… а, так вот и текём тут себе, да …
Шрифт:
В строю хаханьки погромче, но уже в обратном направлении.
– Замполит части в курсе, товарищ старшина!
– Встань в строй, сафл… сажл… Ссука!
А в рабочее время я – как все.
Нас перебросили на пятиэтажку – её готовят к сдаче.
Витя Новиков и Валик Назаренко зазвали меня в пустую квартиру. Мы распили бутылку вина с горл'a. Забытый кайф.

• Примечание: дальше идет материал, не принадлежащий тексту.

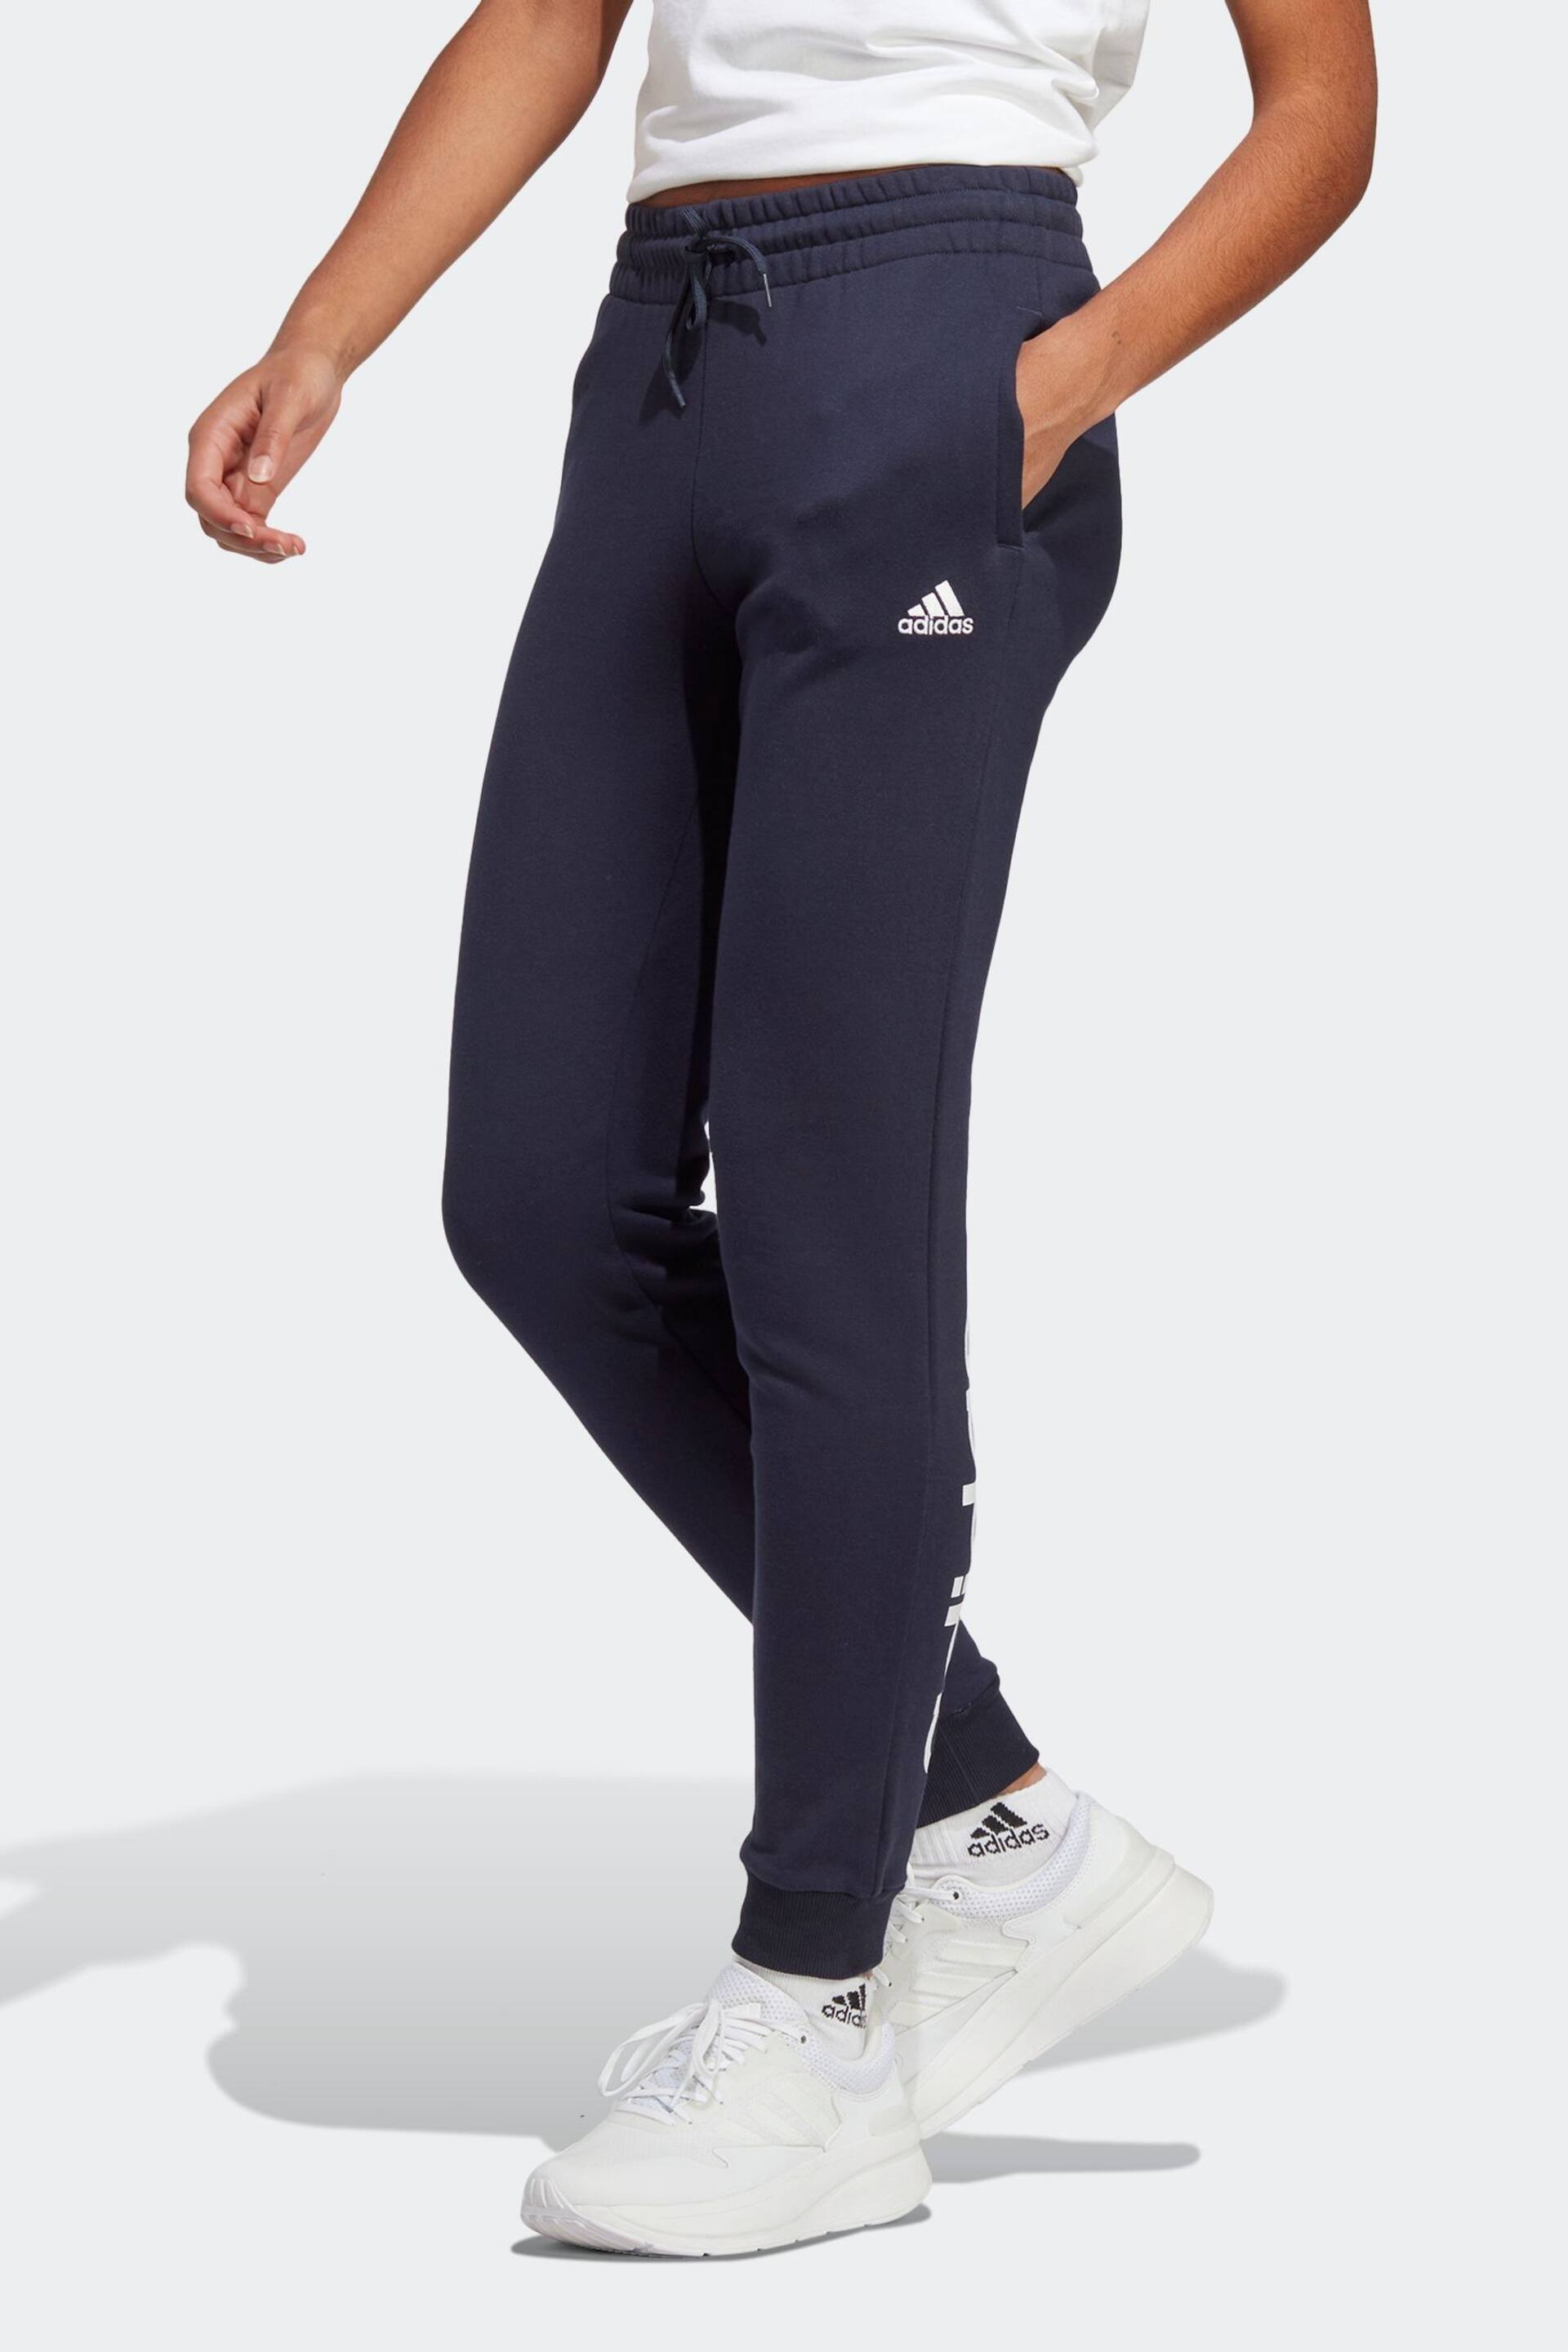 adidas Blue Sportswear Essentials Linear French Terry Cuffed Joggers - Image 1 of 6
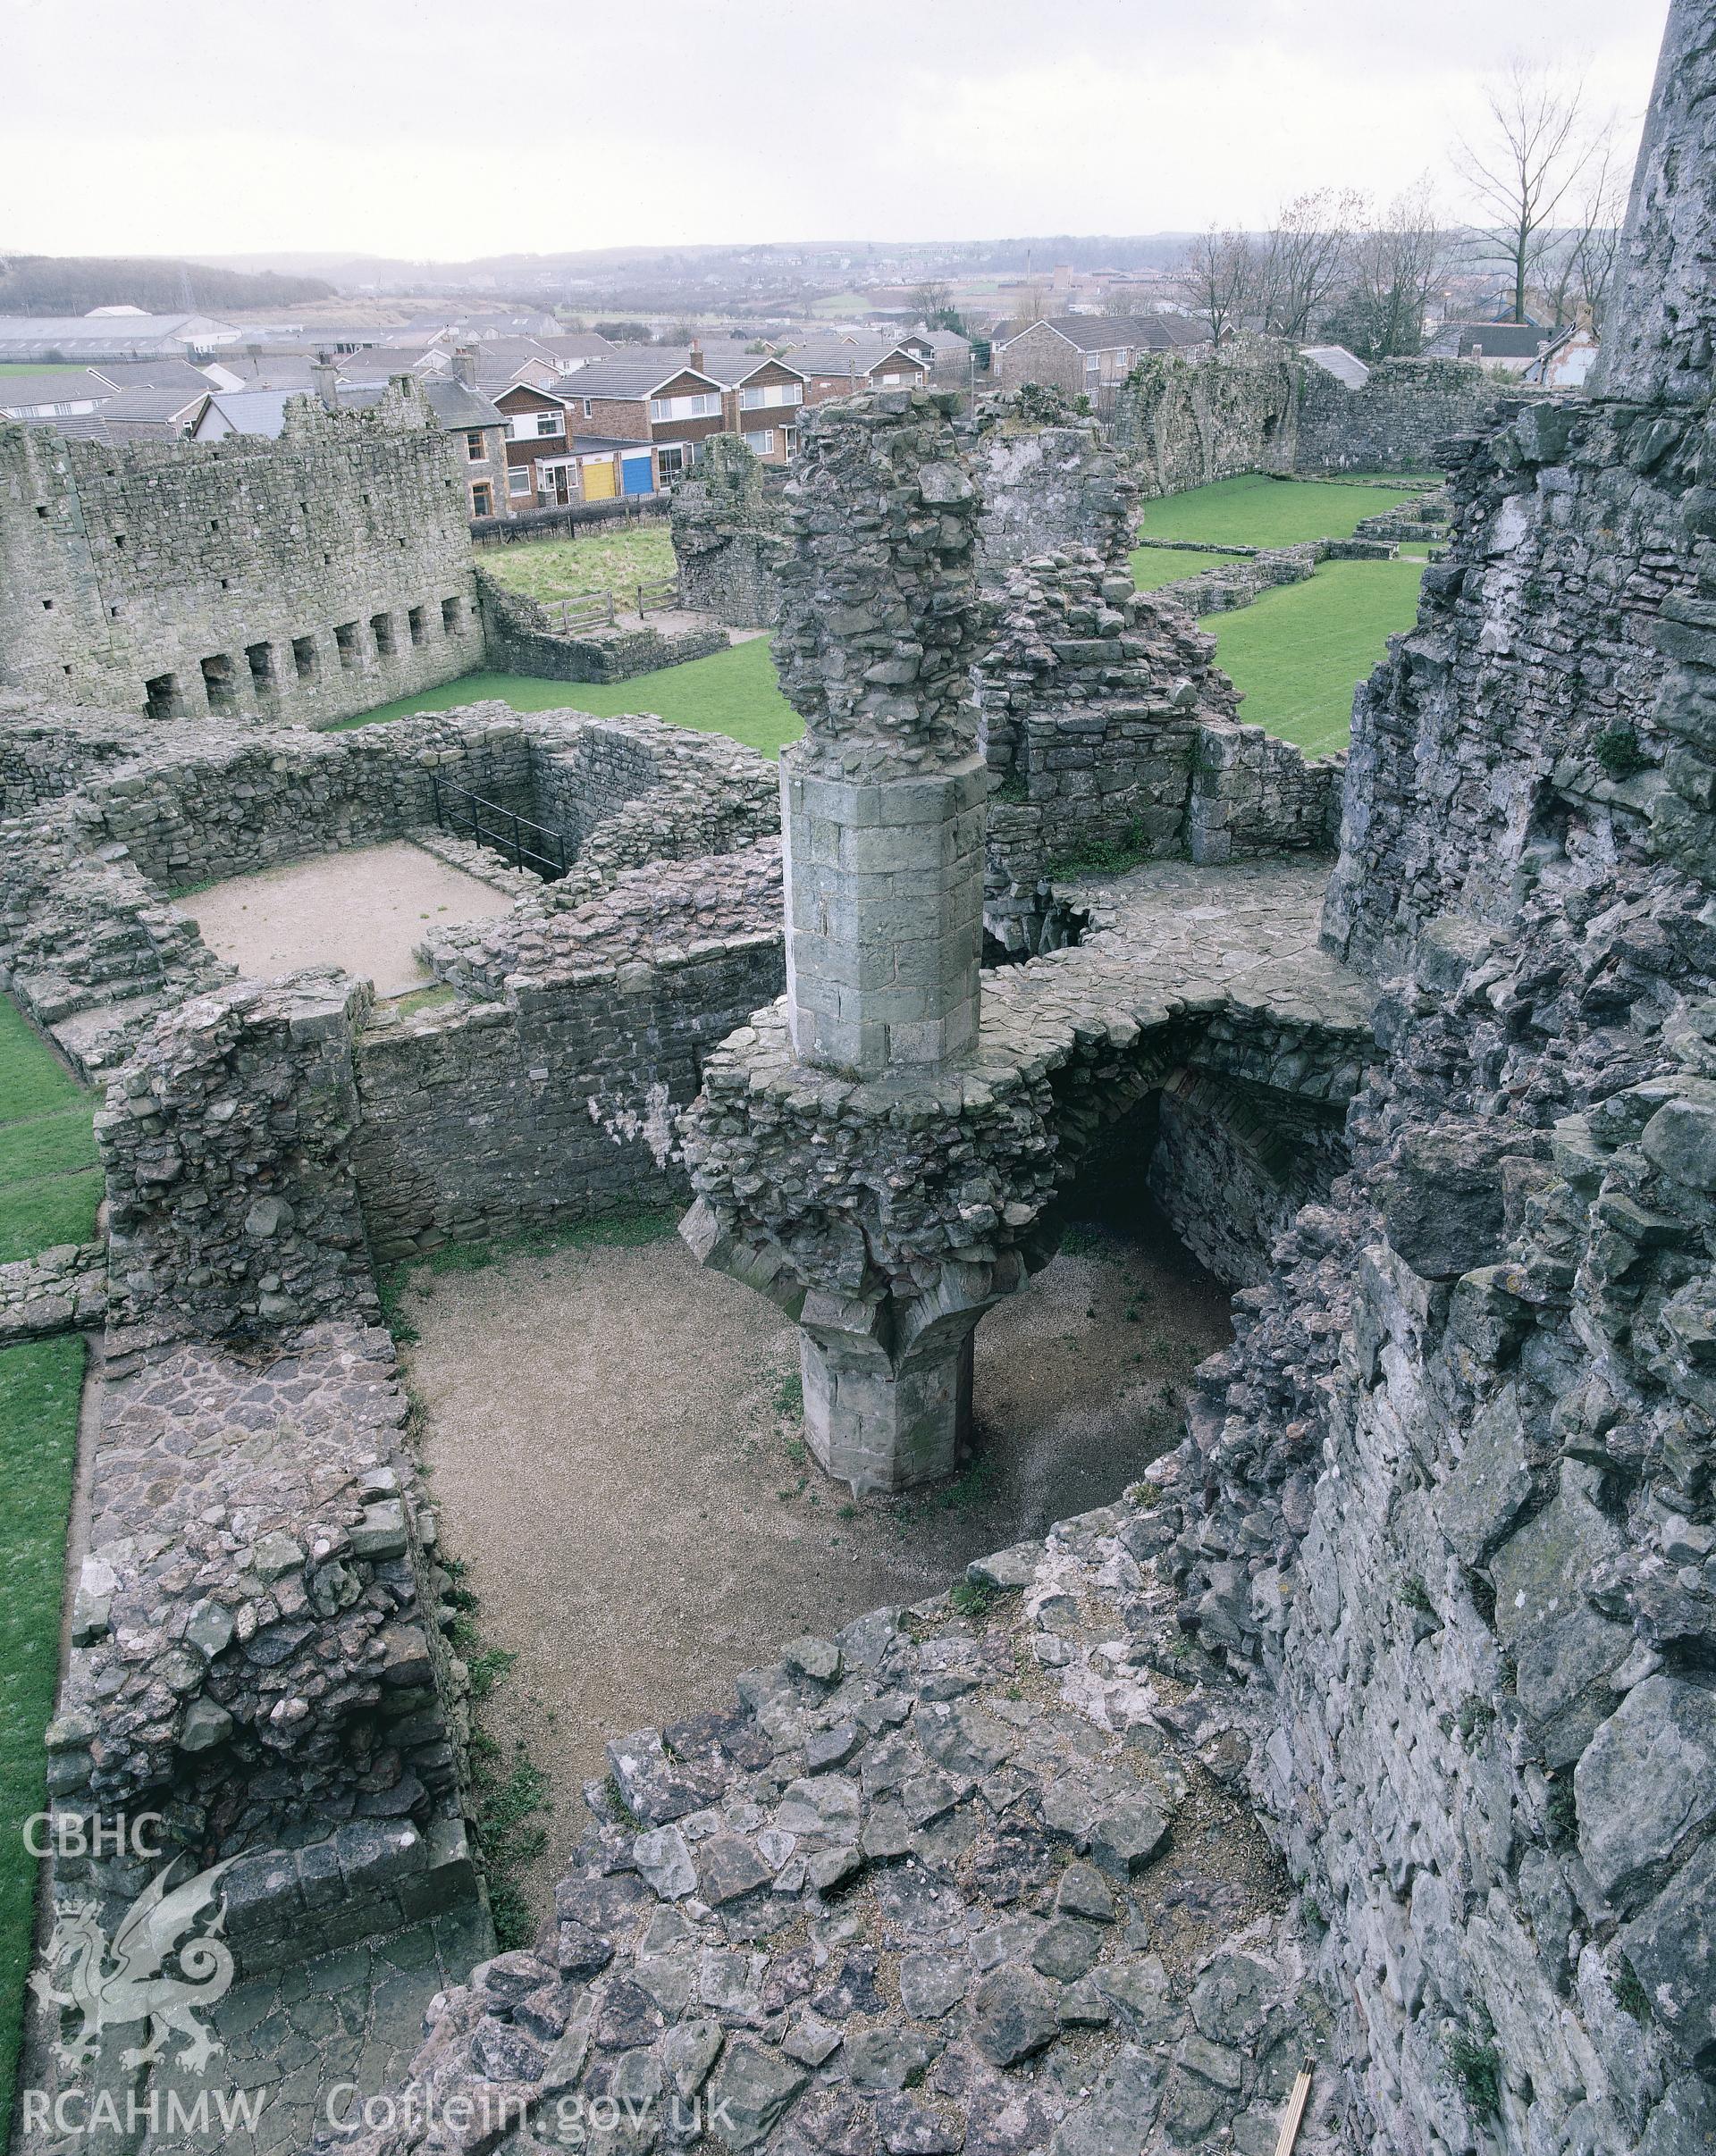 RCAHMW colour transparency showing view of Coity Castle from a high viewpoint

До вечерней проверки всё выветрилось. Да и по скольку там было-то на троих?
На
Продвигаясь вдоль строя, Писак даёт солдатам кружку – дыхнуть в неё, потом нюхает оттуда. Двоим уже приказал выйти из строя.
Когда он протянул кружку мне, я понял, что мне – пиздец. Я сам себя выдал ещё до выдоха в неё тем, что меня бросает то в жар, то в холод.
За бляху он дал мне пять нарядов, а теперь – полный пиздец.
Писак нюхнул из кружки и, не глядя мне в глаза, садистски выговаривает:
– Ну, вот, если человек не пил – сразу видно.
После проверки Витя Стреляный с улыбкой говорит:
– Ты был белее стенки.
Как будто я сам не знаю!
Писак, сучара! Что за кошки-мышки?
И снова выходной. Аж не верится.
Вечером показали кино. Польский фильм «Анатомия любви» с намёками на эротику.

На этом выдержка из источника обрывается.